The idea of arity and number of constructors/variables is to try and get an approximate shape fit to the type being search for. The idea of the rarest names is an attempt to take advantage that if you are searching for ShakeOptions -> [a] -> [a] then you probably didn't write ShakeOptions by accident -- it provides a lot of signal. Therefore, filtering down to functions that mention ShakeOptions probably gives a good starting point.

Once we have the top 100 matches, we can then start considering whether type classes are satisfied, whether type aliases can be expanded, what the shape of the actual function is etc. By operating on a small and bounded number of types we can do much more expensive comparisons than if we had to apply them to every possible candidate.

Conclusion

Hoogle 5 is far from perfect, but the performance is good, the scale can keep up with the growth of Haskell packages, and the simplicity has kept maintenance low. The technique of operations which are O(n) but with a small constant is one I've applied in other projects since, and I think is an approach often overlooked.

Sunday, June 07, 2020

Surprising IO: How I got a benchmark wrong

Summary: IO evaluation caught me off guard when trying to write some benchmarks.

I once needed to know a quick back-of-the-envelope timing of a pure operation, so hacked something up quickly rather than going via criterion.

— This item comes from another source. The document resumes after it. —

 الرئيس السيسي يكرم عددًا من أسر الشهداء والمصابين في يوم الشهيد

The code I wrote was:

main = do
    (t, _) <- duration $ replicateM_ 100 $ action myInput
    print $ t / 100

{-# NOINLINE action #-}
action x = do
    evaluate $ myOperation x
    return ()

Reading from top to bottom, it takes the time of running action 100 times and prints it out. I deliberately engineered the code so that GHC couldn't optimise it so myOperation was run only once. As examples of the defensive steps I took:

  • The action function is marked NOINLINE. If action was inlined then myOperation x could be floated up and only run once.
  • The myInput is given as an argument to action, ensuring it can't be applied to myOperation at compile time.
  • The action is in IO so the it has to be rerun each time.

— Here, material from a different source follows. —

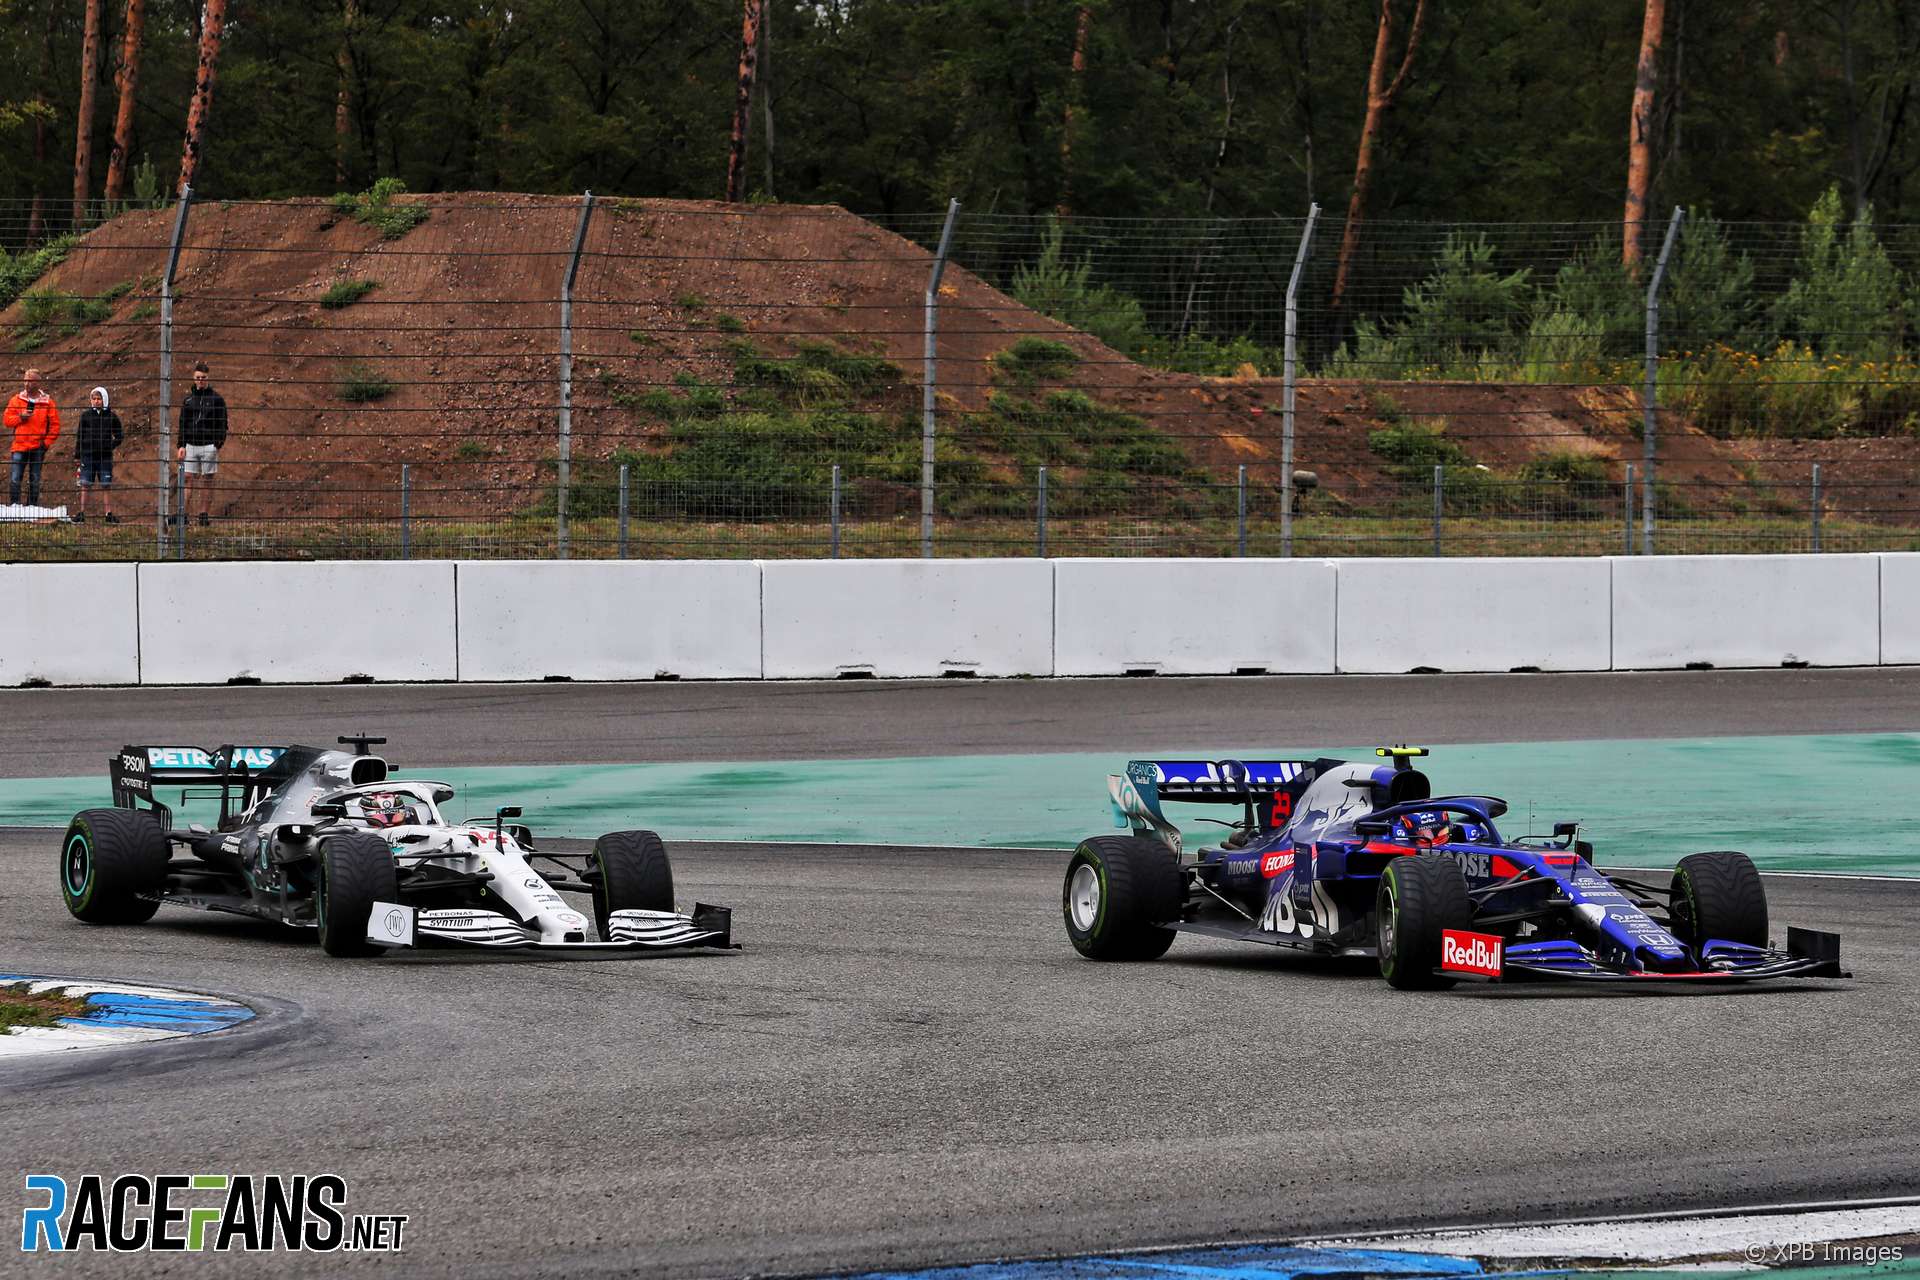 Alexander Albon, Toro Rosso, Hockenheimring, 2019

Alas, GHC still had one trick up its sleeve, and it wasn't even an optimisation - merely the definition of evaluation. The replicateM_ function takes action myInput, which is evaluated once to produce a value of type IO (), and then runs that IO () 100 times. Unfortunately, in my benchmark myOperation x is actually evaluated in the process of creating the IO (), not when running the IO (). The fix was simple:

action x = do
    _ <- return ()
    evaluate $ myOperation x
    return ()

Which roughly desugars to to:

return () >>= \_ -> evaluate (myOperation x)

Now the IO produced has a lambda inside it, and my benchmark runs 100 times. However, at -O2 GHC used to manage to break this code once more, by lifting myOperation x out of the lambda, producing:

let y = myOperation x in return () >>= \_ -> evaluate y

Now myOperation runs just once again. I finally managed to defeat GHC by lifting the input into IO, giving:

action x = do
    evaluate . myOperation =<< x
    return ()

Now the input x is itself in IO, so myOperation can't be hoisted.

I originally wrote this post a very long time ago, and back then GHC did lift myOperation out from below the lambda. But nowadays it doesn't seem to do so (quite possibly because doing so might cause a space leak). However, there's nothing that promises GHC won't learn this trick again in the future.